Через двор прошёл, не спеша, чёрно-белый кот. Он был загадочен и в чёрной маске напоминал мистера Икса из оперетты «Принцесса цирка». Впрочем, мне ещё не встречались кошки, идущие просто так и абы куда. У них всегда некая неведомая нам важнейшая цель, они каждый раз следуют куда-то и зачем-то. Я загляделся на кота, и это едва не стоило мне ноги. Топор тюкнул в каких-то сантиметрах от носка моей правой туфли.

— Ты бы скинул ботинки! Попортишь ещё! — громко предупредила бабка Маня и загремела в сарае чем-то, произведённым из жести.

Сегодня у нас с ней первый воскресник. Я тоже этим утром был в сарае. И там оскандалился в бабкиных глазах.

Она попросила прибить отошедшую от стены доску. «Эту жалкую дощечку? Да я её сейчас в два счёта! Да что там, в один! — сказал я небрежно. — Можете спокойно заниматься другими делами». Она вышла во двор, а я размахнулся молотком и ударил по шляпке гвоздя, и полчаса бил по гвоздю, вколачивая его в таившуюся за доской пустоту. Не заметь бабка — я, человек терпеливый, колотил бы ещё, наверное, час, а может, и весь день. Оставалось единственное, в чём я мог реабилитировать себя в её глазах, — колка дров. Я полагал, будто владею этим мужским искусством в совершенстве. Да и нет в нём теоретически ничего сложного — берёшь в руки топор и… так далее.

Я поплевал на руки и с остервенением обрушил топор на сучковатое полено. От полешка отвалилась тоненькая лучина, а само оно со свистом полетело по двору. С кота сразу смахнуло его загадочность и спесь, и он, как обычный плебей, сиганул за угол сарая. В будке тревожно гавкнул Сукин Сын. Теперь оставалось одно — пережечь каким-то образом пробки, и разор, нанесённый мной бабкиному двору, обретёт свою эстетическую законченность.

Из сарая на шум вышла хозяйка и горестно покачала головой.

— Неужели перегорели пробки? — спросил я, готовя себя ко всему. Правда, я пока не прикасался ни к пробкам, ни к проводам, но иногда мне только стоит подумать, и что-то ломается само собой.

— Они пока будто бы целые. Но кто знает? — произнесла она риторически, наверняка не подозревая о существовании такого понятия.

— Слава богу, мне всё-таки везёт. Мир не так уж и мрачен, если подумать.

Я положил топор на кряжистый пень, служивший плахой для колки дров, и залез на сложенные у забора ещё не пиленные древесные стволы. Отсюда я увидел в соседнем дворе старого приятеля, пятилетнего Федяшу.

— Федяша, а Федяша, как поживают наши муравьи?

В прошлое воскресенье мы с Федяшей путешествовали по муравьиному государству. Оно помещается в дальнем углу соседского двора. О его существовании никто не знал, ведать не ведал. Даже вездесущие корреспонденты из детских журналов и газет. Ну муравьи и муравьи — ничего особенного. А что это целый мир, известно только нам с Федяшей.

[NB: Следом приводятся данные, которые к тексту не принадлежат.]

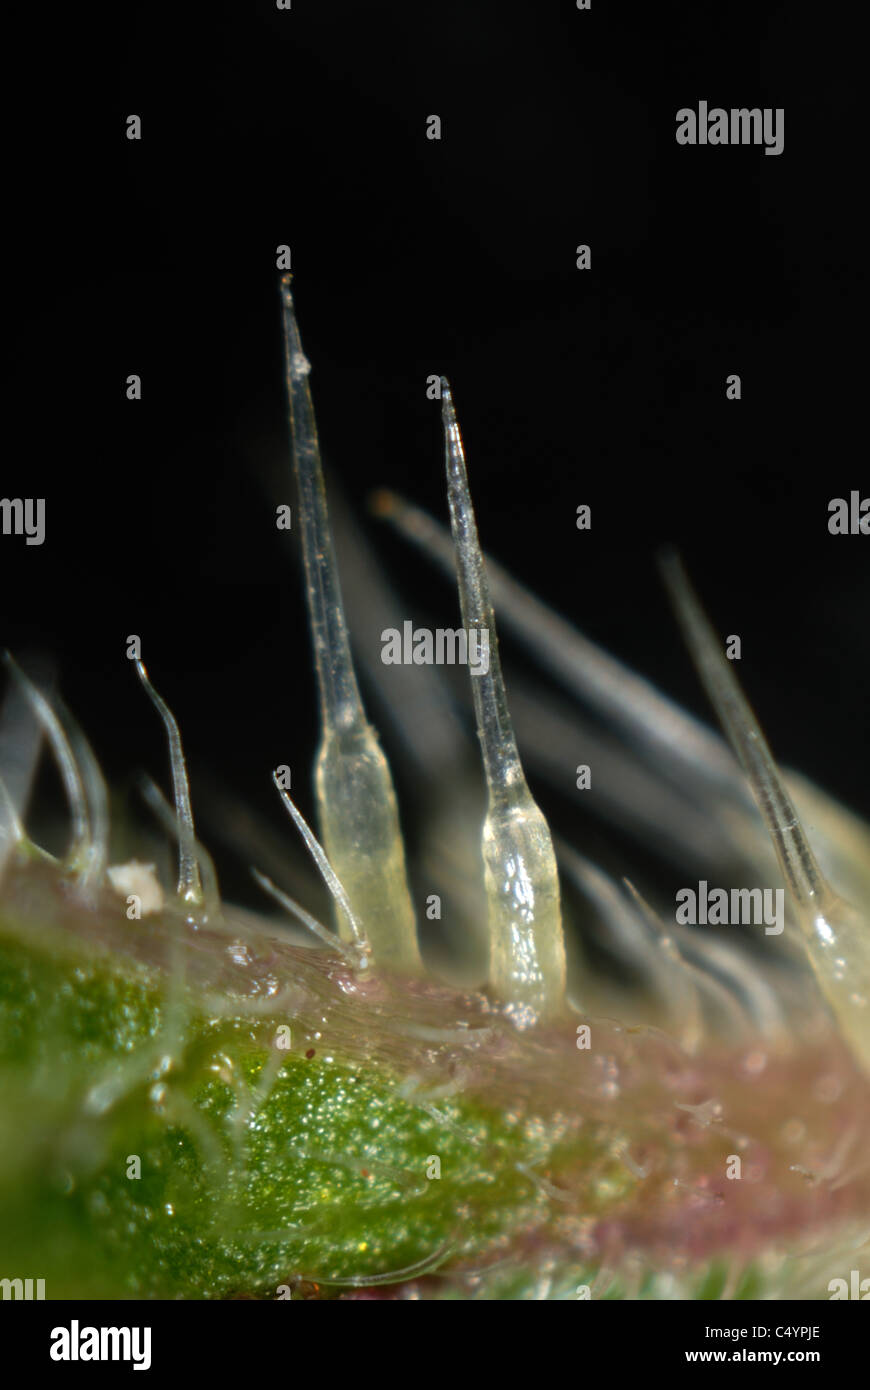 Mikrophotographie Brennnesselpflanzen Haare von einer Brennnessel (Urtica Dioica) Stockfoto
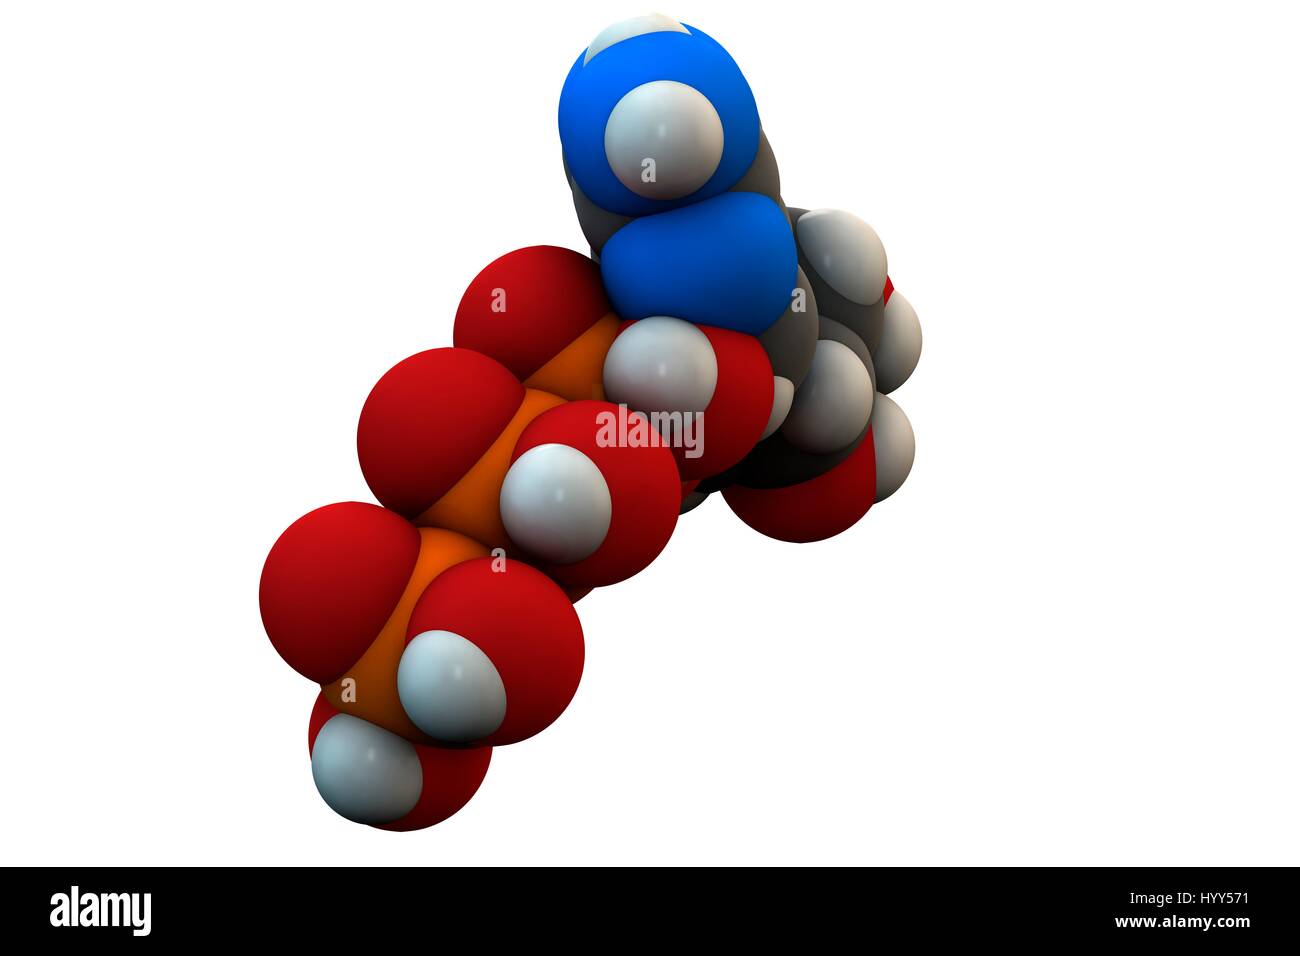 L'adenosina trifosfato (ATP) molecola. Funzioni come neurotrasmettitore, RNA (acido ribonucleico) blocchi di costruzione e il trasferimento di energia molecola. Formula chimica è C10H16N5O13P3. Gli atomi sono rappresentati come sfere: carbonio (grigio), Idrogeno (bianco), Azoto (blu), Ossigeno (rosso), Fosforo (arancione). Illustrazione. Foto Stock

Федяша подбежал, семеня тоненькими ножками, к забору и, слегка шепелявя, сказал:

— У них сегодня тоже воскресник.

— Неужто?

Я перемахнул через забор. Мы присели на корточки прямо над столицей муравьиной страны. И прошлый раз мы её назвали Пластуновской. Так захотел Федяша — в честь одной из кубанских станиц, там он недавно гостил у бабушки.

— Я же тебе говорил: у них воскресник, — шёпотом напомнил Федяша.

Его глазёнки округлились, зачарованно приоткрылся рот. А муравьи сегодня трудились с удвоенной энергией — тащили в свой город с разных сторон былинки и прочие трофеи.

— А ты был когда-нибудь муравьём? — шёпотом спросил Федяша.

— Пока ещё не приходилось. Но кто знает?

— А хотел бы? Вдруг проснулся, а ты — мураш.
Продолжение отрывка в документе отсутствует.